Estas reflexiones se recuestan sobre una frondosa producción historiográfica que, en las últimas décadas, ha indagado de manera innovadora en el siglo xix latinoamericano, poniendo en cuestión algunas de las certidumbres más arraigadas respecto de ese pasado.[1] Por años, ensayistas e historiadores calificaron la experiencia política de la región como “fallida” en relación con los modelos expectables de modernidad liberal, republicana o democrática provistos por los países del Norte. Hispanoamérica se descartaba de esa parte de la historia, pues se consideraba que los ensayos poscoloniales habían desembocado en una versión degradada del autogobierno sobre la base de la soberanía popular proclamada y que, por lo tanto, no respondían a los requisitos del canon. Hoy, esa visión ha quedado muy debilitada ante la renovación historiográfica que ha logrado con éxito cuestionarla para dar cuenta del lugar que ocupó la región en la compleja historia de la llamada “modernización política”.[2] Como sintetiza Gabriel Entin en un libro reciente, se trata de entender a las revoluciones hispanoamericanas del xix “como el cuarto gran laboratorio republicano de la modernidad” (Entin 2025, 17). Sobre estas bases historiográficas, se apoya mi propuesta.[3]

1.

Las independencias encontraron a la América española en medio de un turbulento proceso de cambio que desencadenó confrontaciones de palabras y de hechos entre quienes apostaban a soluciones diversas frente a la crisis imperial. A poco de andar, el triunfo de las posturas que abogaban por cortar definitivamente los lazos de subordinación con España despejó uno de los frentes de conflicto, mientras se abrían otros vinculados a las formas de organización territorial e institucional en el escenario poscolonial. No obstante la diversidad de propuestas en circulación, la región toda pronto se inclinó por un cambio revolucionario: la adopción del principio de soberanía popular como fundamento del “modo de vivir en común” (Rosanvallon 2003) y de la institución de las nuevas comunidades políticas. Esa figura implicaba, básicamente, el abandono de nociones del poder fundadas en instancias trascendentes para adoptar una visión de este como constructo humano inmanente: la comunidad auto-instituida habría de crear sus propias reglas de convivencia y gobierno.

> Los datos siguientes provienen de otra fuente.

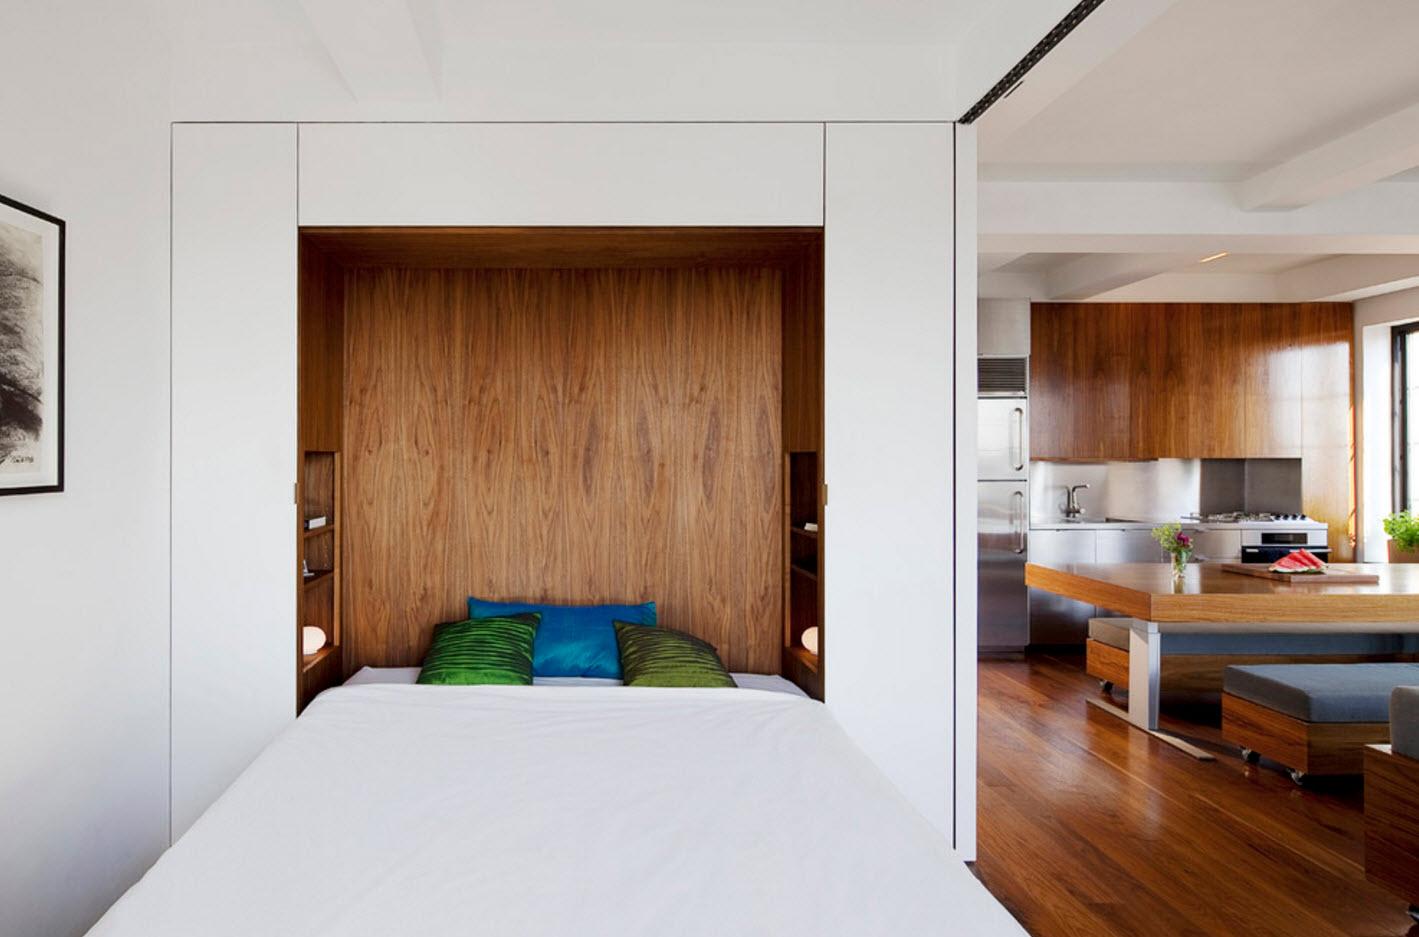 трансформер шкаф кровать от Ikea 48 фото откидная встроенная

Para entonces, esa opción tenía connotaciones radicales y vinculaba la insurgencia hispanoamericana con las revoluciones atlánticas. Era una definición provocativa en un mundo en que predominaban los absolutismos, y lo fue más aún cuando toda la Hispanoamérica continental descartó la variante más temperada de esa deriva, la monarquía constitucional, para inclinarse, luego de arduas disputas, por formas republicanas de gobierno. Esa opción, ahora lo sabemos, se probó definitiva; a diferencia de la mayor parte de los regímenes europeos decimonónicos de ese signo, que tuvieron corta duración, las repúblicas americanas nacidas en la década de 1820 se han sostenido hasta nuestros días. Así, las naciones que fueron tomando forma luego de la debacle imperial, se conformaron sobre la base de nuevos principios de organización política, plasmados en constituciones y estatutos que buscaron diseñar y anclar las flamantes comunidades imaginadas en normas e instituciones de inspiración republicana.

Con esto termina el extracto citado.